У дальних дверей, где был пожарный кран, послышались голоса, смех, хлюпнула положенная через воду доска. Парень отшвырнул кол и, пригнувшись, бросился к ближнему выходу, зажав ладонью разбитый лоб.

— Держите его! — закричал Гошка, оттолкнув лестницу. — Это вор! Держите! — Он соскочил с верстака, выдернул из вороха кольев на тележке коротыш и кинулся за незнакомцем.

Когда Антон выбежал из цеха, Салабон уже несся в лунном свете к камнедробильному заводу, чей громадный силуэт, отбрасывая не менее громадную тень, возвышался метрах в семидесяти от опалубочного. Поняв, что Гошка засек преступника и что одному ему с ним не справиться, Антон схватил с земли первую попавшуюся палку и помчался следом, спотыкаясь и распинывая щепки и гальку. Врезавшись в тень и ослепленный ею, он налетел на замершего Салабона, ойкнул и спросил испуганным шепотом:

— Что?

— Здесь он!

— Ты видел?

— Здесь, собака!.. Слышал — что-то звякнуло, железяка. Он туда шмыгнул… Вон дверь! Пошли!

— А он нас это… железякой-то не долбанет?

Рабочие, выскакивая из цеха, тыкались в разные стороны, возвращались, суетились возле ворот, спрашивая друг у друга, кого ловить, но поскольку никто ничего не знал, все остановились, ожидая, не раздастся ли откуда-нибудь шум или крик.

Ребята очутились в кромешной темноте.

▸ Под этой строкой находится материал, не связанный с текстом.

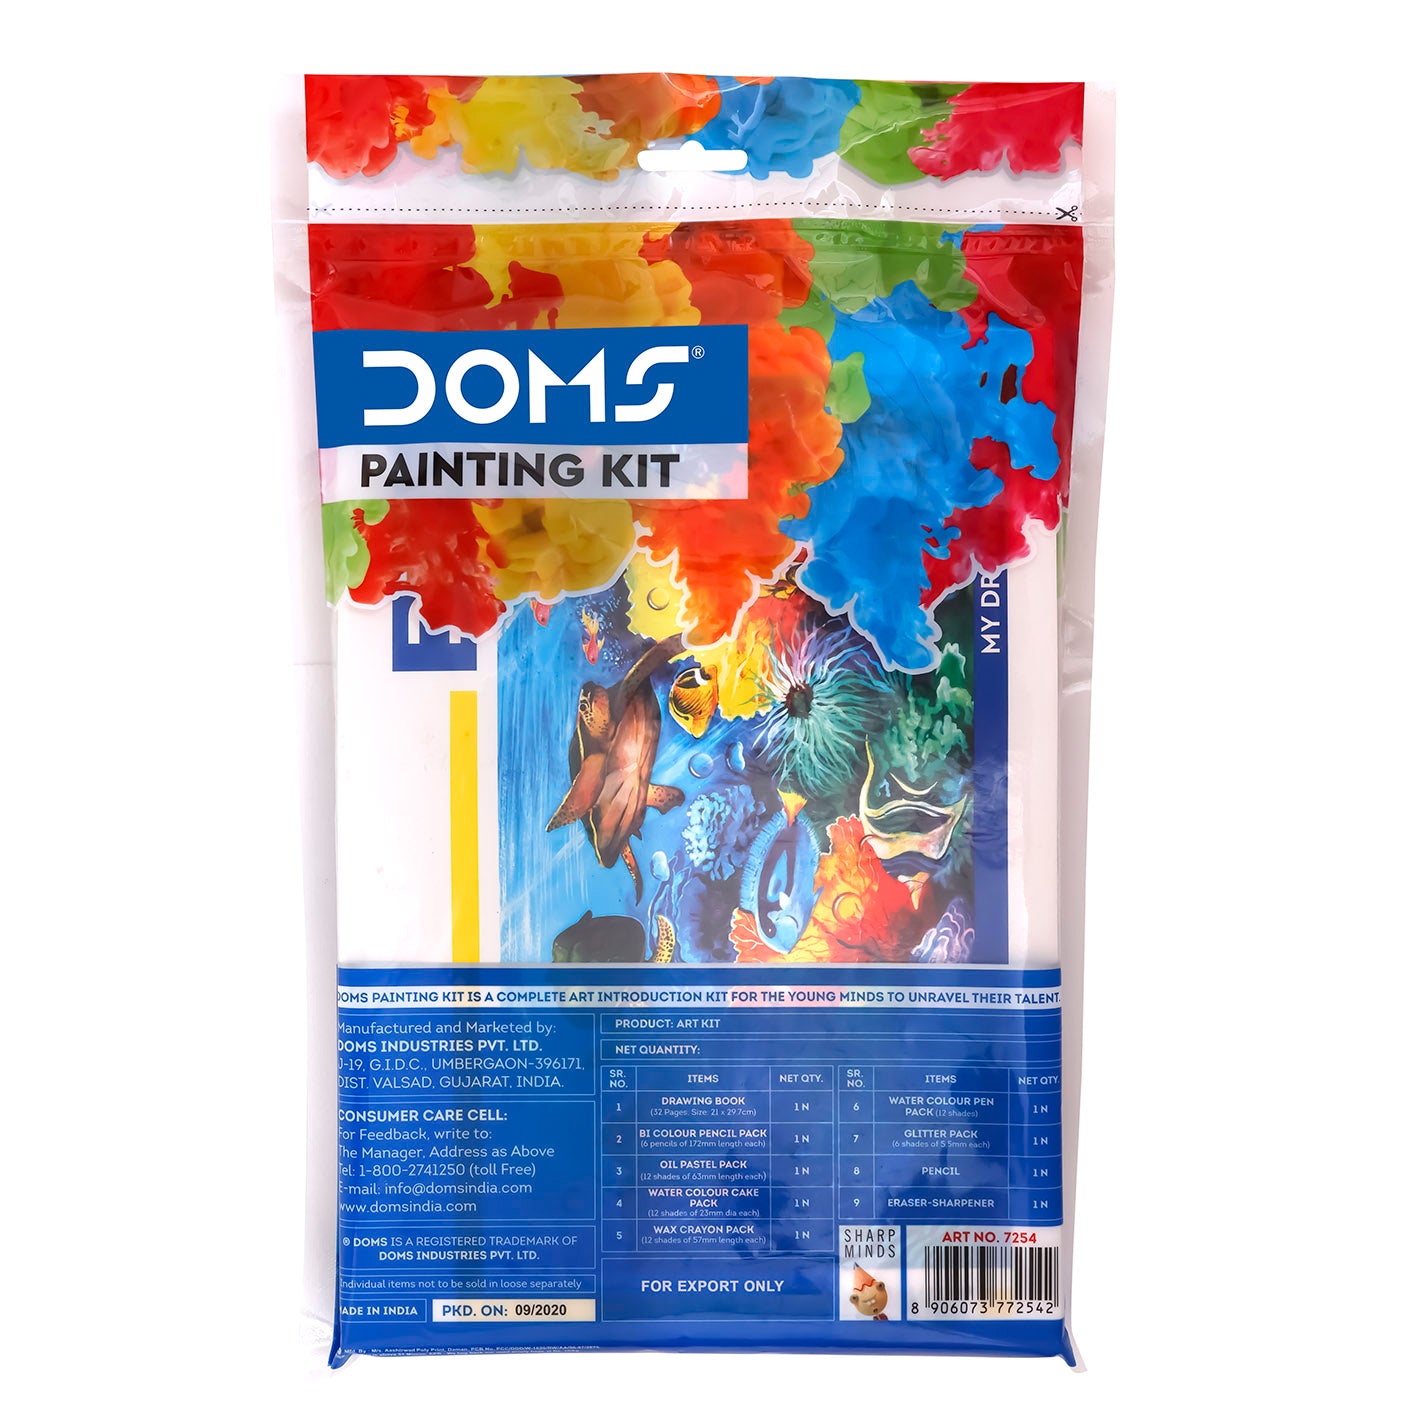 DOMS Painting Kit

Сунувшись туда-сюда и стукнувшись обо что-то головой, Салабон напал на лестницу.

— Тамтам, сюда!.. Не треснись!.. Он здесь! Думает, что пронесло! Накося, выкуси!.. Из-за него меня два месяца мордовали!.. Всюду галдели, что я спер инструменты!

В адской темноте, ощупью, они взбирались все выше и выше. Лестница уже сделала несколько поворотов, а они все поднимались. Чернота дышала ржавым холодом. Сперва Гошка сыпал в темноту угрозы и проклятья, потом замолчал и слышалось только шорканье подошв по ступеням. Антон вдруг почувствовал опасную бесцельность этого восхождения и прошептал:

— Его, по-моему, тут нет.

— Тут он!.. Затырился, как крот. Мы могли и мимо пройти. Фонарь бы! — проворчал Салабон.

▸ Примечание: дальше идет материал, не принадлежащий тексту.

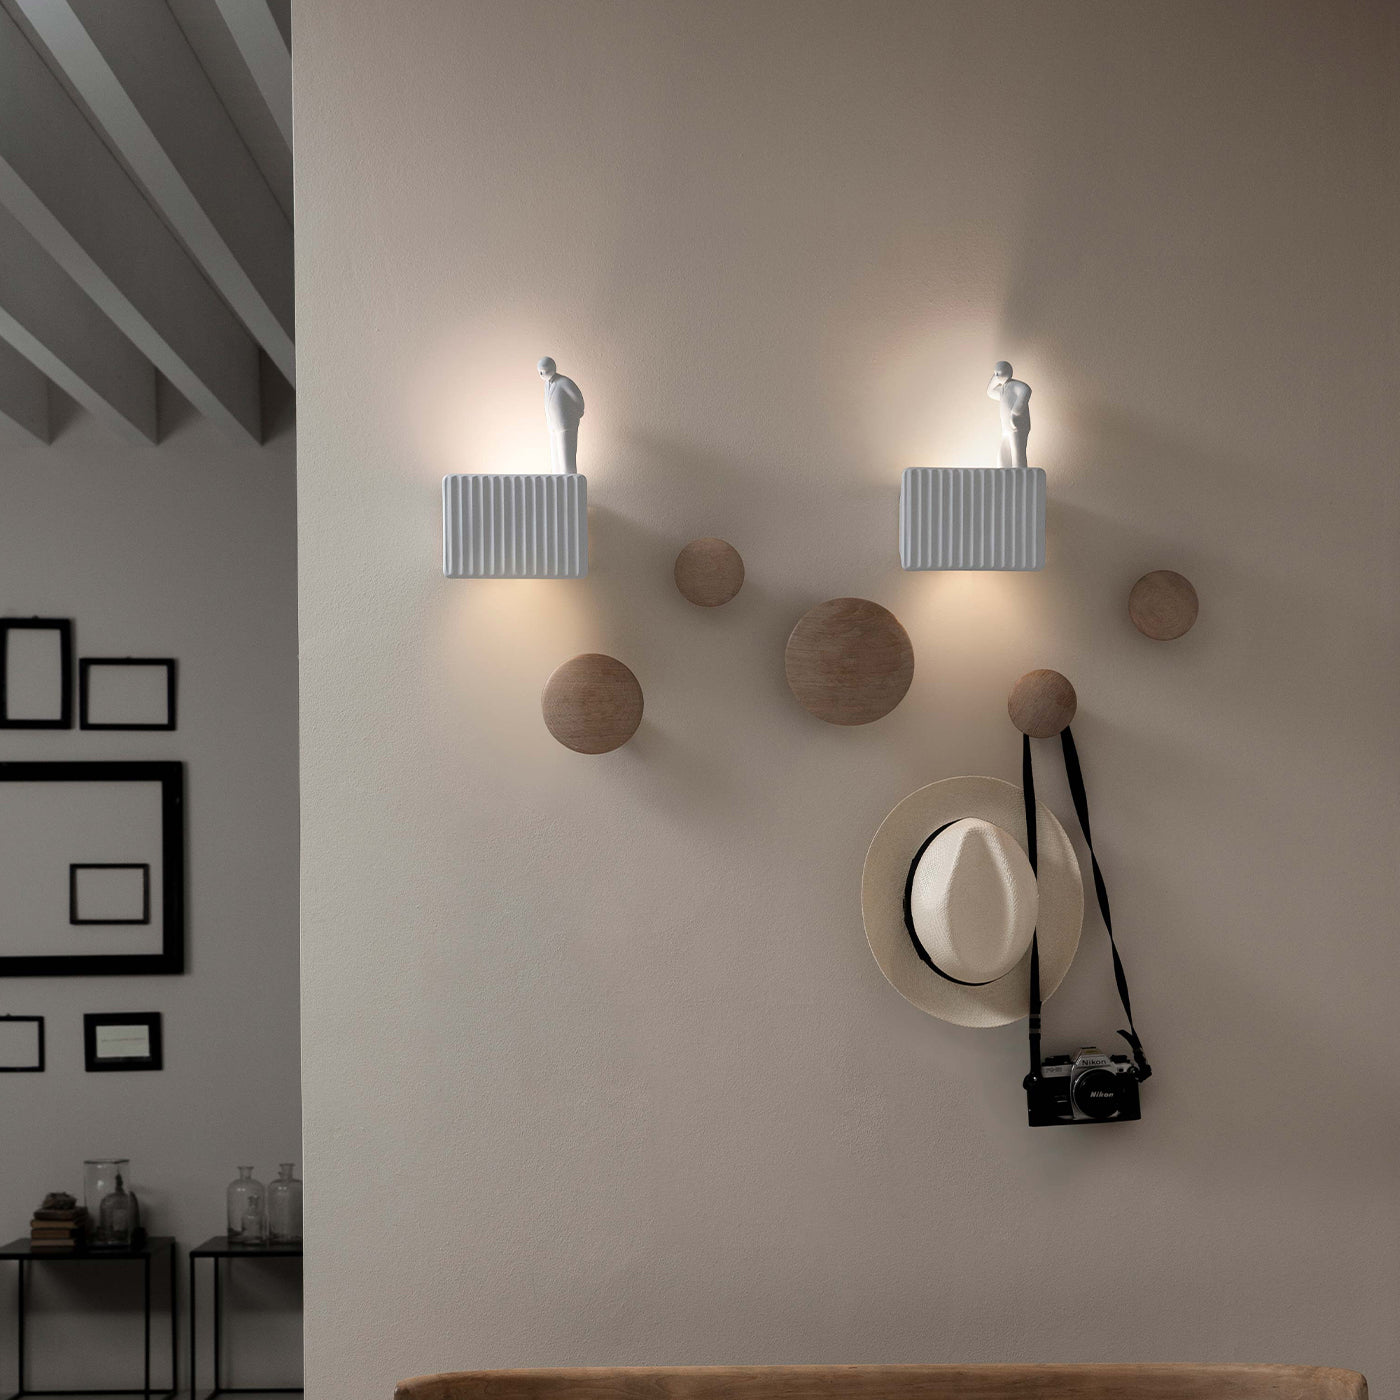 Umarell Wall Lamp by Giorgio Biscaro #2 - Alternative view 4

По инерции ребята одолели еще один марш.

— Ладно, — сказал Гошка, останавливаясь. — Как бы нам не загреметь без фонаря — завод еще не достроен… Эй ты, хлюст! Можешь не радоваться! Мы тебя из самой дробилки вытянем! — прокричал он во все горло, и мертвенный гул прокатился по неведомым отсекам.

Спустились быстро, но в дверях неожиданно столкнулись с человеком. Салабон, пихнув Антона, отпрыгнул и поднял дубинку.

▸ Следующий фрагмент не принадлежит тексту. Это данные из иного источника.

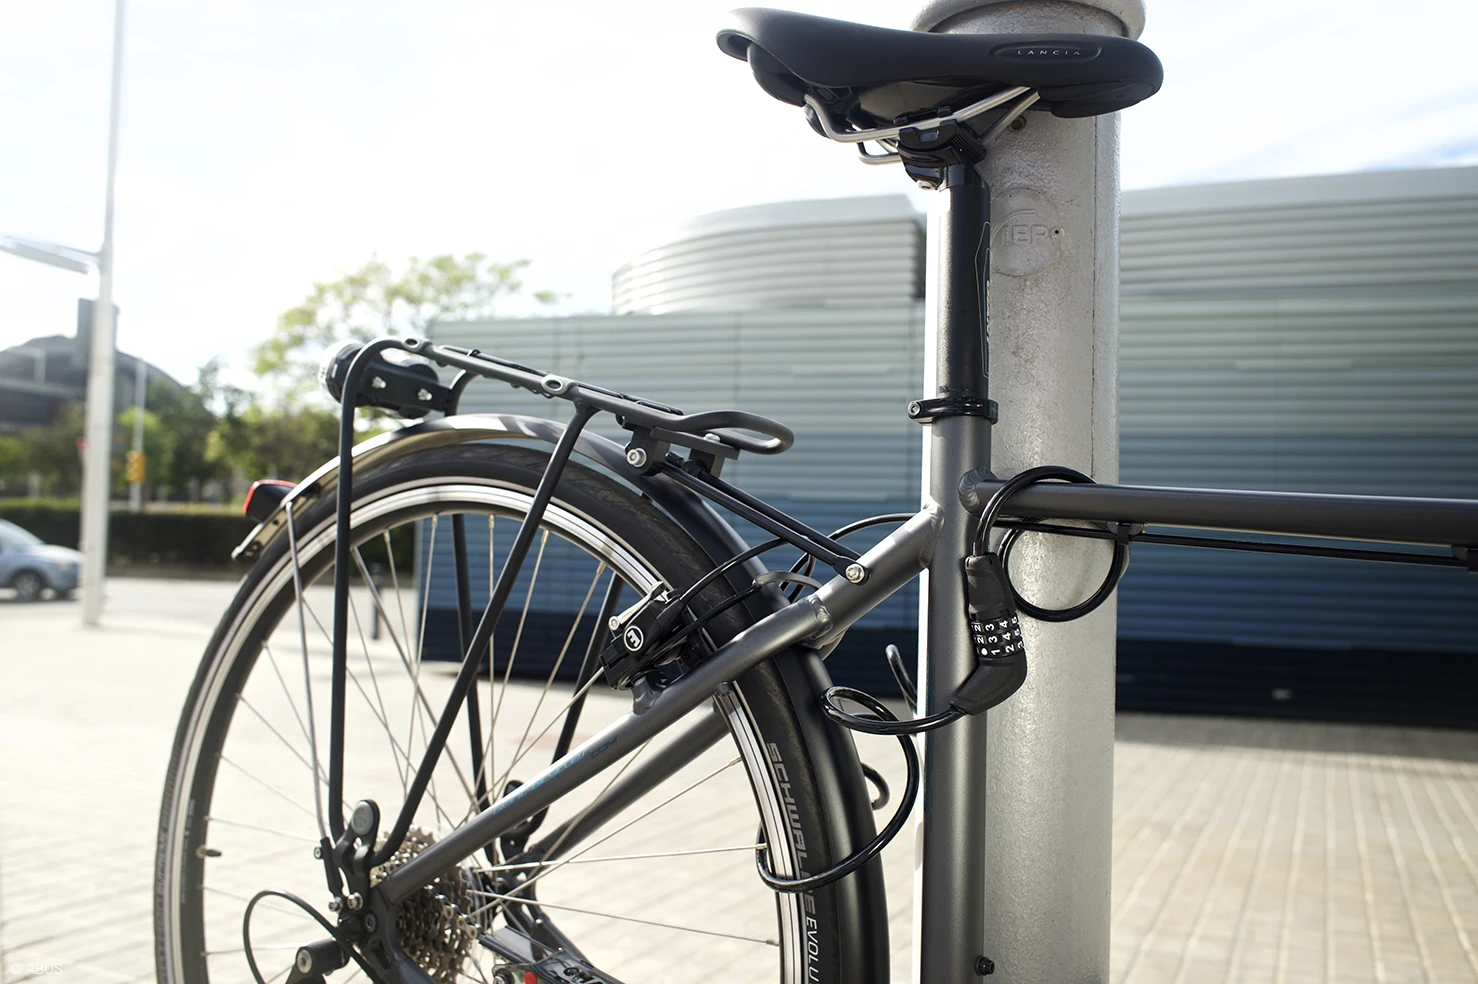 Câble antivol pour vélo - Câble de Verrouillage de vélo

— Свои! — раздался голос Леонида.

— A-а, это вы, — облегченно произнес Гошка.

— Кого ловите?.. Везде паника!

— Его! — ответил Салабон. — Этого шакала!.. Темно, но он здесь, собака, я чую.

— Ладно, успокойтесь и бросьте палицы… Может, он и был, да теперь нету — у завода десять дыр. — Леонид пропустил ребят вперед и повел их, подталкивая в спины, как арестованных, к цеху, возле которого толпился народ.

На ребят сразу же накинулись с вопросами, но Салабон важно прошел в цех, к верстаку, и только там рассказал, как все произошло, и показал даже березовый кол, на белой коре которого кроваво отпечаталась ладонь.

Рабочие зашумели.

— Серьезно, брат.

— Так из наших кто или нет?

— Не знаю, — ответил Гошка.

— Ну, если отметину на лбу оставили, то найти — плевое дело, — заверил кто-то. — За ночь-то не затянется.

— Надо только в табельной предупредить.

— Ну, слава богу, реабилитировали нашего Георгия, — сказал один арматурщик с очками на лбу, как у мотоциклиста. — А то вроде как всему цеху неудобно было. С тебя бутылка, Гошка.

— Что бутылка — ведро! — заявил сам Салабон радостно. Это ему было по душе, когда рабочий люд вокруг улыбался. — Жаль, что ушел… А плотников я сегодня нарочно дождусь, чтобы морды им начистить.

Гошка, Антон, Леонид и еще несколько человек полезли на чердак. При свете спичек они увидели разгребенный шлак, выломанные куски сухой штукатурки и небольшую темную дыру, через которую жулик хотел забраться в каптерку, где хранились плотницкие инструменты.

Жутью пахнуло на Антона из этого черного отверстия. Он вдруг представил того парня, сидящего возле дыры. Вот он прислушивается, отламывает с хрустом кусок штукатурки и опять прислушивается. Он знает, что его могут обнаружить, поймать, может быть, он даже боится, но преступный дух понуждает: давай, давай! Он отламывает еще кусок, и тут в цехе раздается чей-то голос — это Салабон ругнулся, поскользнувшись. А дальше — разговор о повернутой вертушке. И вот уже люди догадываются, что на чердаке вор, и приближаются… Ужасное должно быть состояние! Антон страшился, удивлялся и не понимал воровскую натуру. «Ну надо же!» — думал он, осторожно спускаясь по искалеченной лестнице.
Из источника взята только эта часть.